Insertion preference analyses at TSS and CTCF sites

SAMOSA-Tag read ends were tabulated in 5-kb windows around GENCODE v.28 (hg38) or M25 (GRCm38) TSS or ChIP–seq-backed CTCF motifs. Meta-plots were smoothed with a 100-nt running mean. FRITSS and FRICBS were calculated as the fraction of ends falling within the 5-kb window.

CTCF CpG and accessibility analyses

The single-fiber m6dA accessibility signal around predicted CTCF sites was subjected to Leiden clustering35. Clusters comprising less than 10% of data were removed. Unmethylated SAMOSA-Tag fibers were also removed (n = 3,627 or 11.5% of all CTCF-motif-containing fibers in OS152; and n = 245 or 1.5% in PDX).

Classifying fibers according to CpG content and CpG methylation

Fibers were binned according to CpG content (CpGs per kb ≤10 (low) versus >10 (high)) and methylation (average primrose score ≤0.5 (low) versus >0.5 (high)) to define four classes: high CpG content and high methylation; low CpG content and low methylation; high CpG content and low methylation; and low CpG content and high methylation.

Fiber type clustering and enrichment

Unsupervised Leiden clustering35 of single-molecule accessibility autocorrelation4,11 was used to identify fiber types. Clusters comprising less than 10% of all fibers were filtered out; unmethylated or lowly methylated molecules were also removed in the OS152 SAMOSA-Tag analyses (n = 317,768 or 12.5% of fibers).
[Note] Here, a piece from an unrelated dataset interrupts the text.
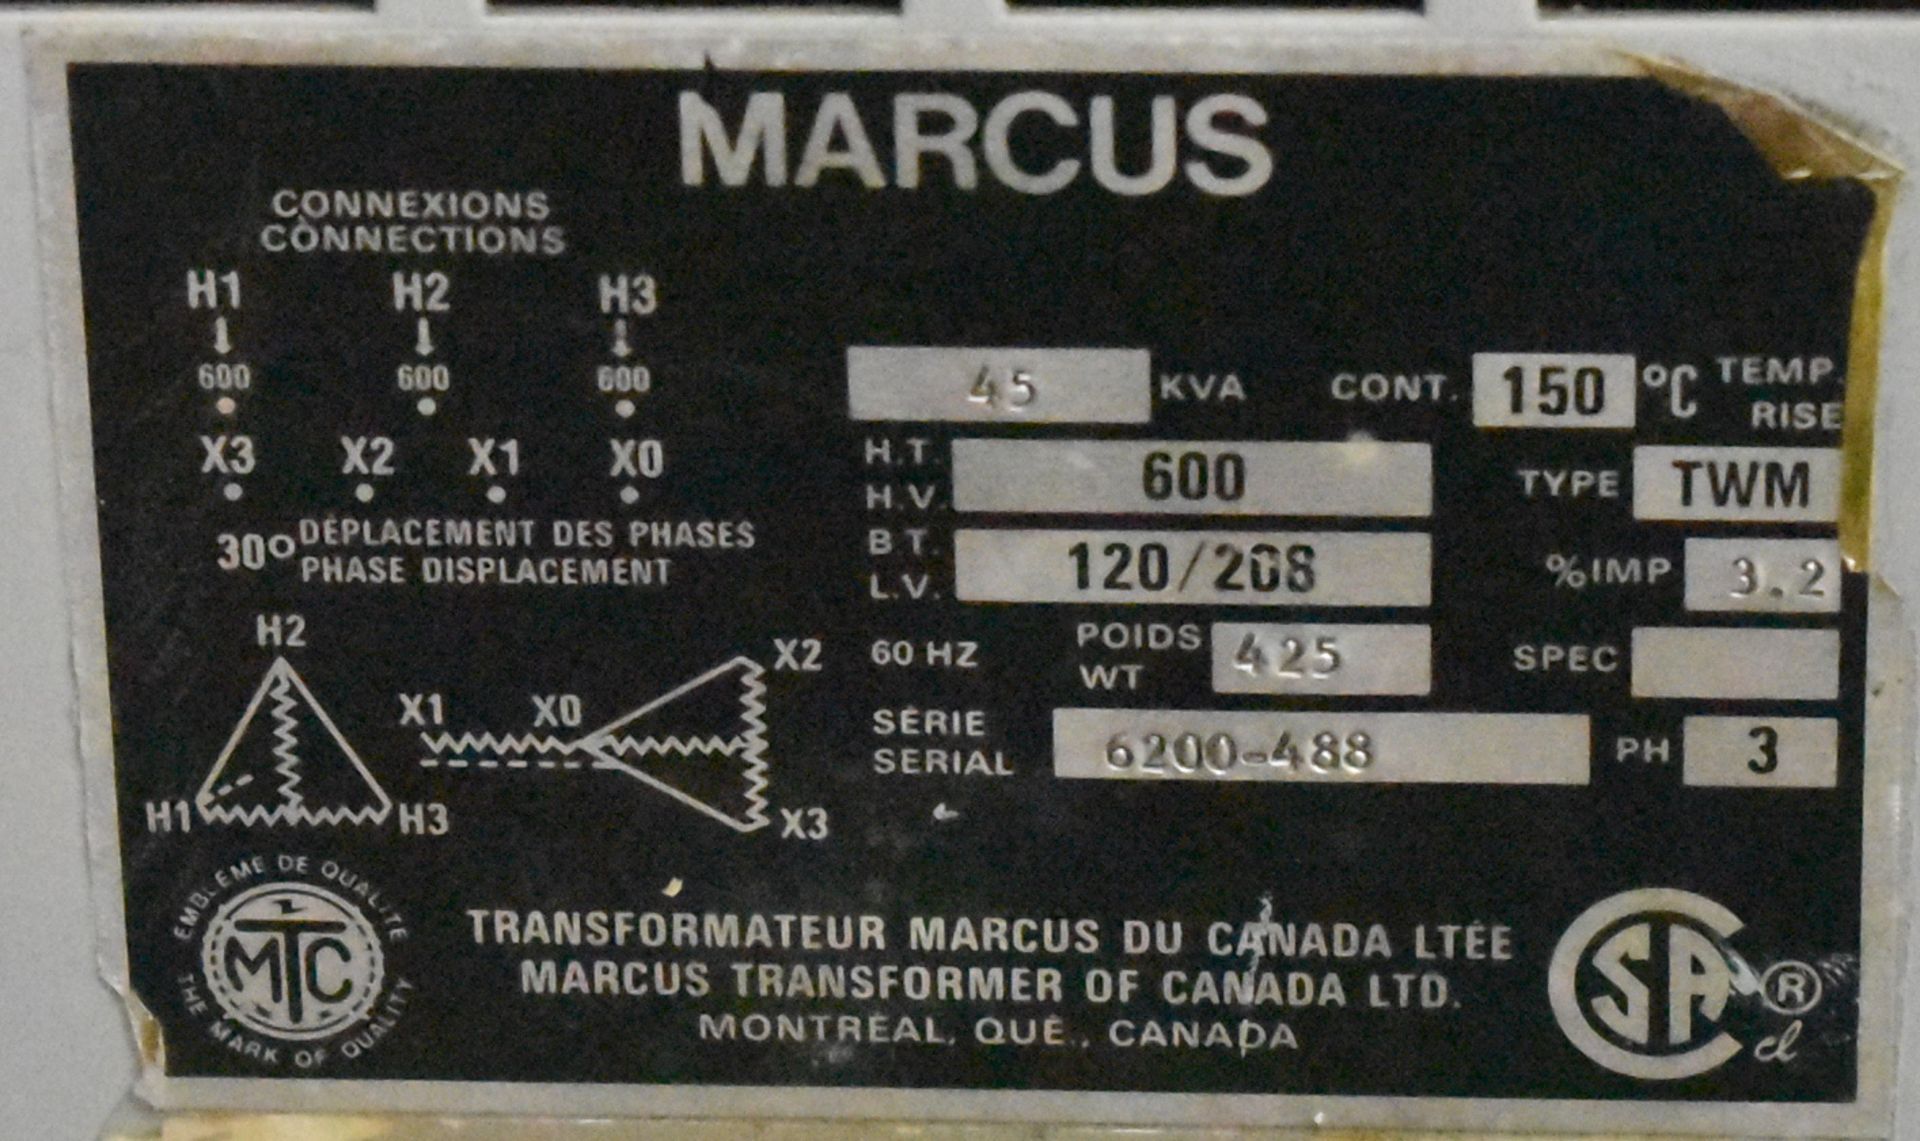 MARCUS TRANSFORMER WITH 45 KVA, 120/208LV, 600HV, 3 PH (CI) (LOCATED IN KITCHENER, ON) - Image 2 of 2

For fiber type A stratified according to feature B, a contingency table of fiber counts in four groups (A ∩ B, A ∩ B, A ‘ ∩ B and A ‘ ∩ B ‘ where the complement of set A is denoted by A') was used as input for a one-sided Fisher’s exact test. P values were corrected for multiple testing using Storey’s q49.

Differential fiber use

chromHMM domains in normal prostate40 were lifted over from hg19 to hg38. Fiber type-stratified coverage of prostate-specific epigenomic domains was tabulated by aggregating the counts of fiber type A mapping to domain B (A ∩ B) versus the other domains (A ∩ B’) per replicate. Counts were normalized across replicates using a median-of-medians approach to account for depth and used as weights for a logistic regression model with domain and fiber status, and case status (primary versus metastasis), as the response and predictor variables, respectively. The glm function (R v.4.2.1) was used to fit the model; the null model was fitted with coefficients set to zero. The case status coefficient was taken to estimate the log2 fold change (∆) in metastatic versus primary PDX. This was repeated for all observed combinations of the seven fiber types and 17 domains. A Wald’s test was used to evaluate the maximum likelihood-fitted coefficients; two-sided P values were adjusted for multiple testing using Storey’s q49, with a significance threshold of q ≤ 0.05.

Visualization

Plots were created using R (v.4.2.1) and ggplot2 (ggplot2.tidyverse.org/). The SAMOSA-Tag data were visualized using a modified version of IGV v.2.17.3 (github.com/RamaniLab/SMRT-Tag/tree/main/igv-vis). The FACS plots were created in FlowJo v.10.8.2 (BD Biosciences).

Reporting summary

Further information on research design is available in the Nature Portfolio Reporting Summary linked to this article.